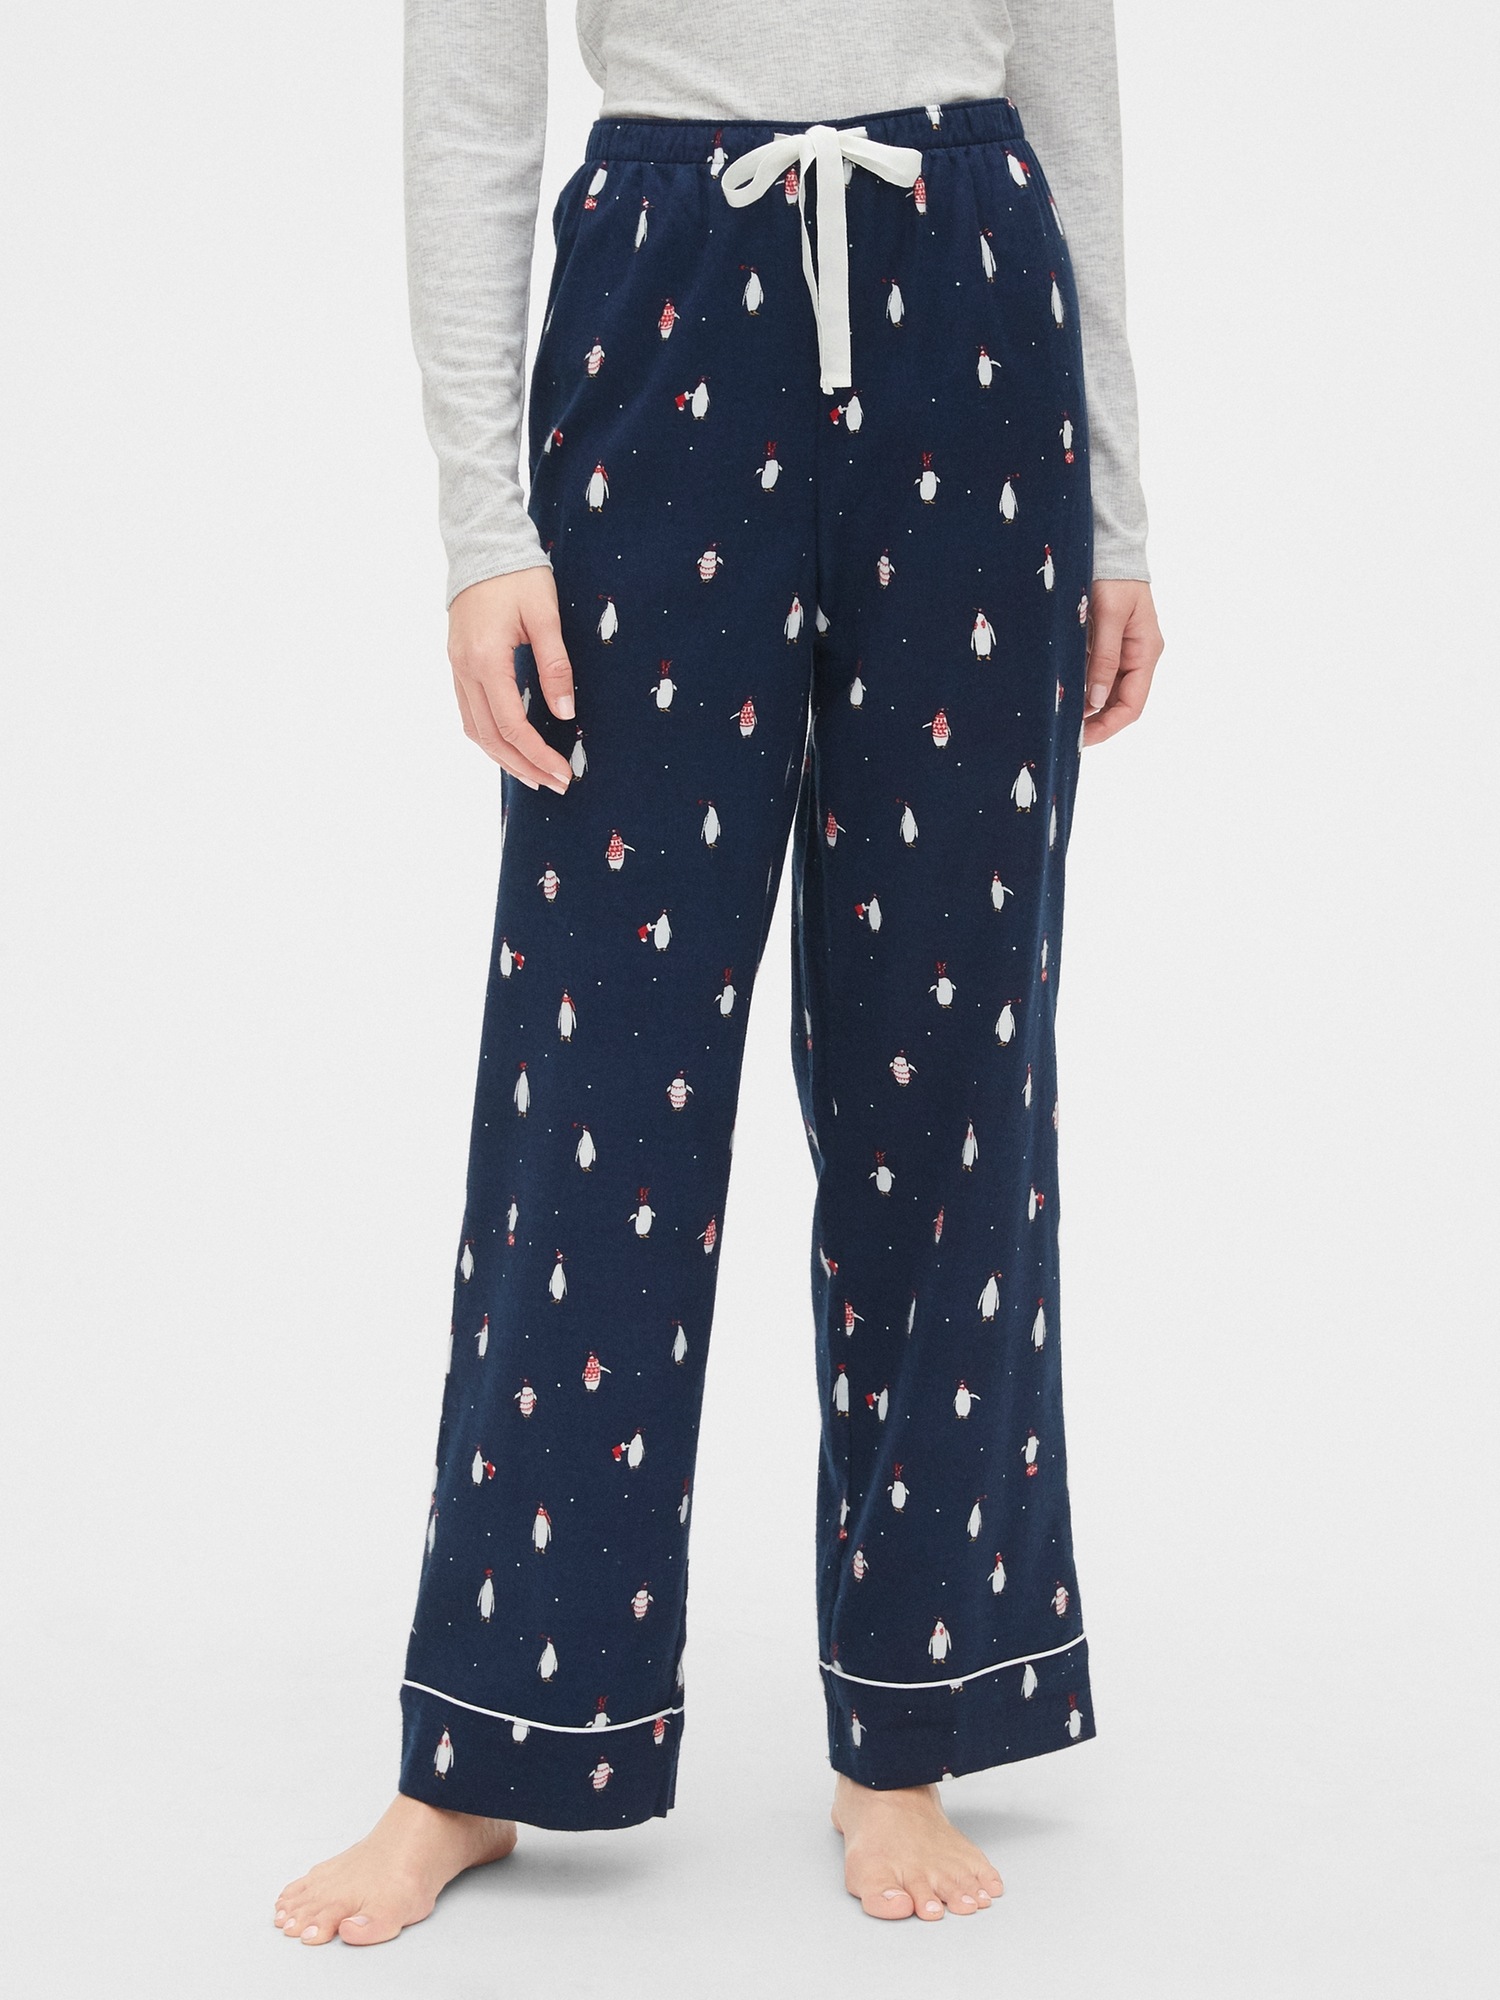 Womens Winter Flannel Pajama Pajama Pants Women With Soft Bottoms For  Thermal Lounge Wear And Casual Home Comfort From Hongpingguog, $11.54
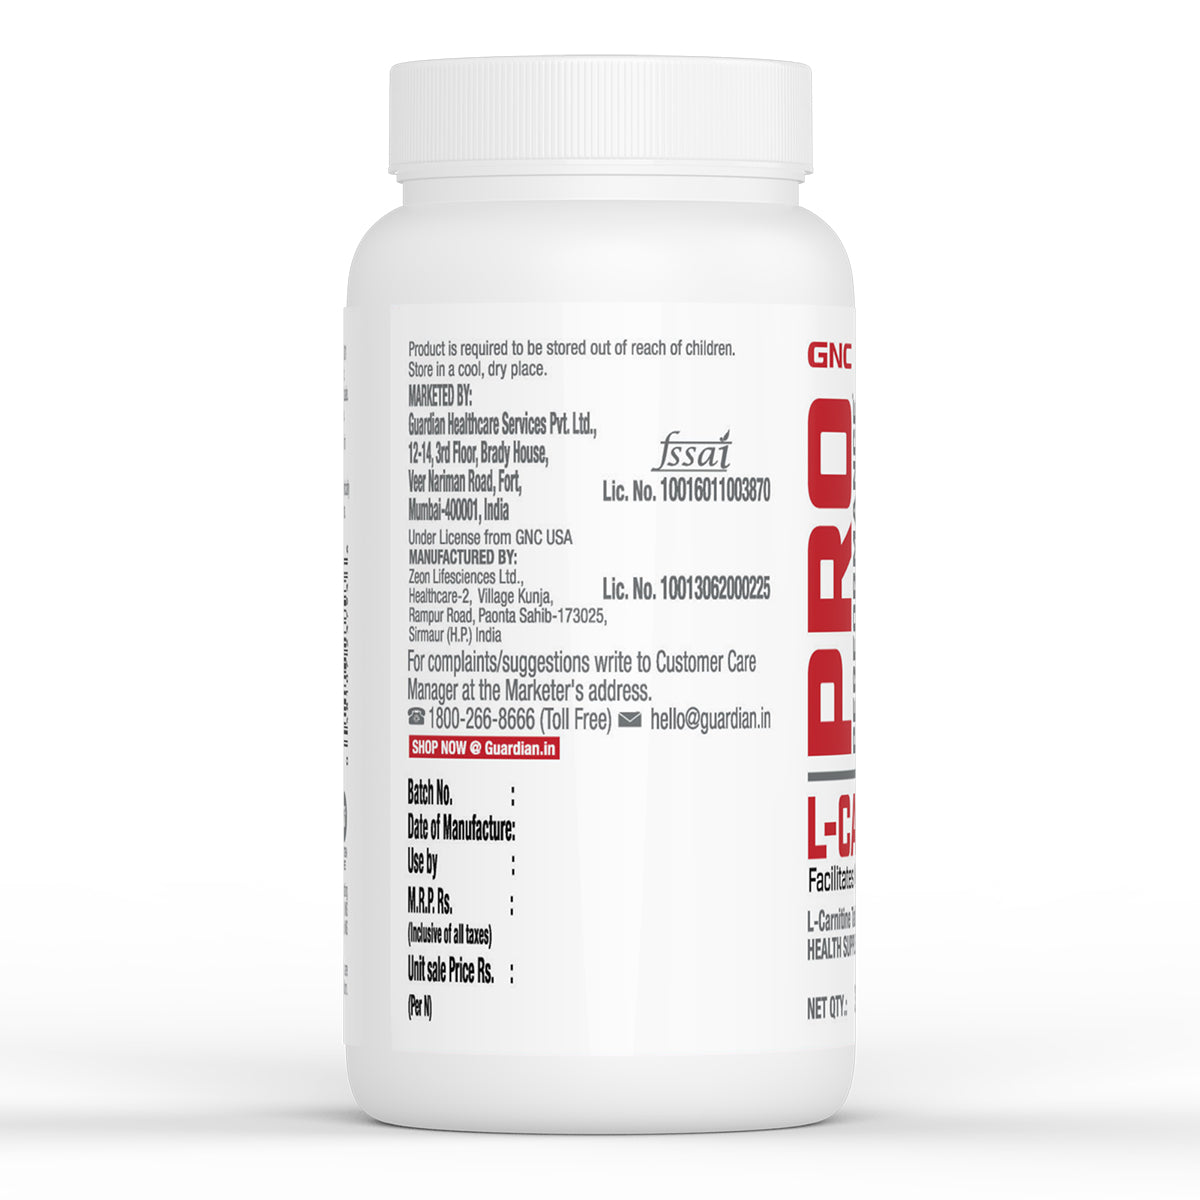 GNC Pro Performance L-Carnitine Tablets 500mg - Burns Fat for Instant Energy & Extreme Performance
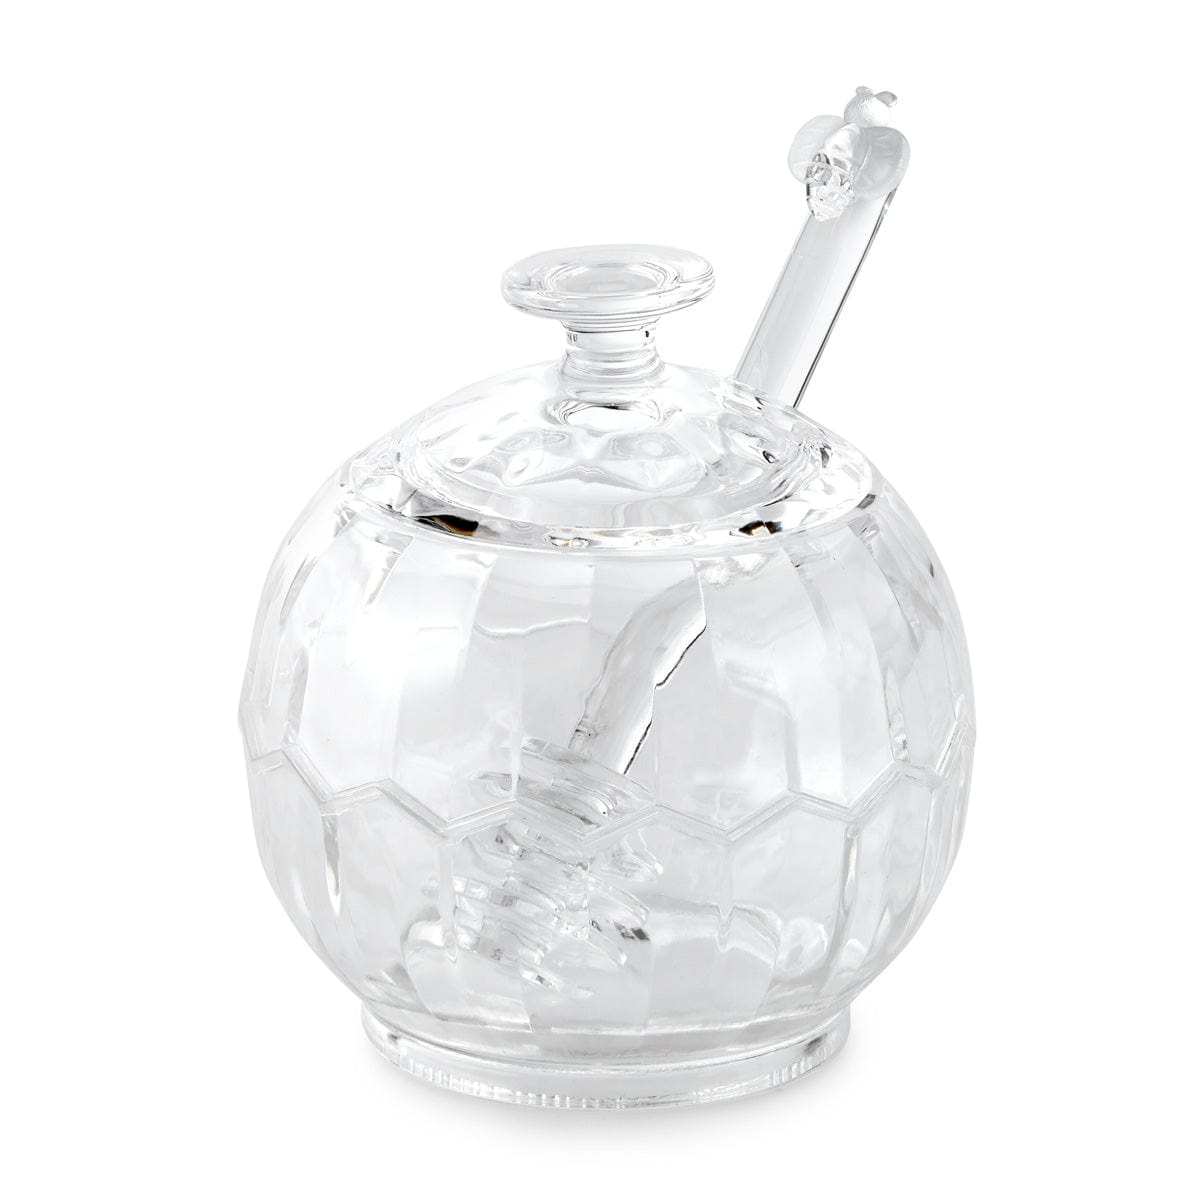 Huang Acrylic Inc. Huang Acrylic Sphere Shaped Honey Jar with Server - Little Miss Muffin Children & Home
■ ■ ■ ■
▸ EXERCISE DESCRIPTION: Transcribe every line of the data exactly. No pictures go in the copy.

▸ RESULT OF THIS TASK:
 Womens Winter Flannel Pajama Pajama Pants Women With Soft Bottoms For  Thermal Lounge Wear And Casual Home Comfort From Hongpingguog, $11.54
 GNC Pro Performance L-Carnitine Tablets 500mg - Burns Fat for Instant Energy & Extreme Performance
 Huang Acrylic Inc. Huang Acrylic Sphere Shaped Honey Jar with Server - Little Miss Muffin Children & Home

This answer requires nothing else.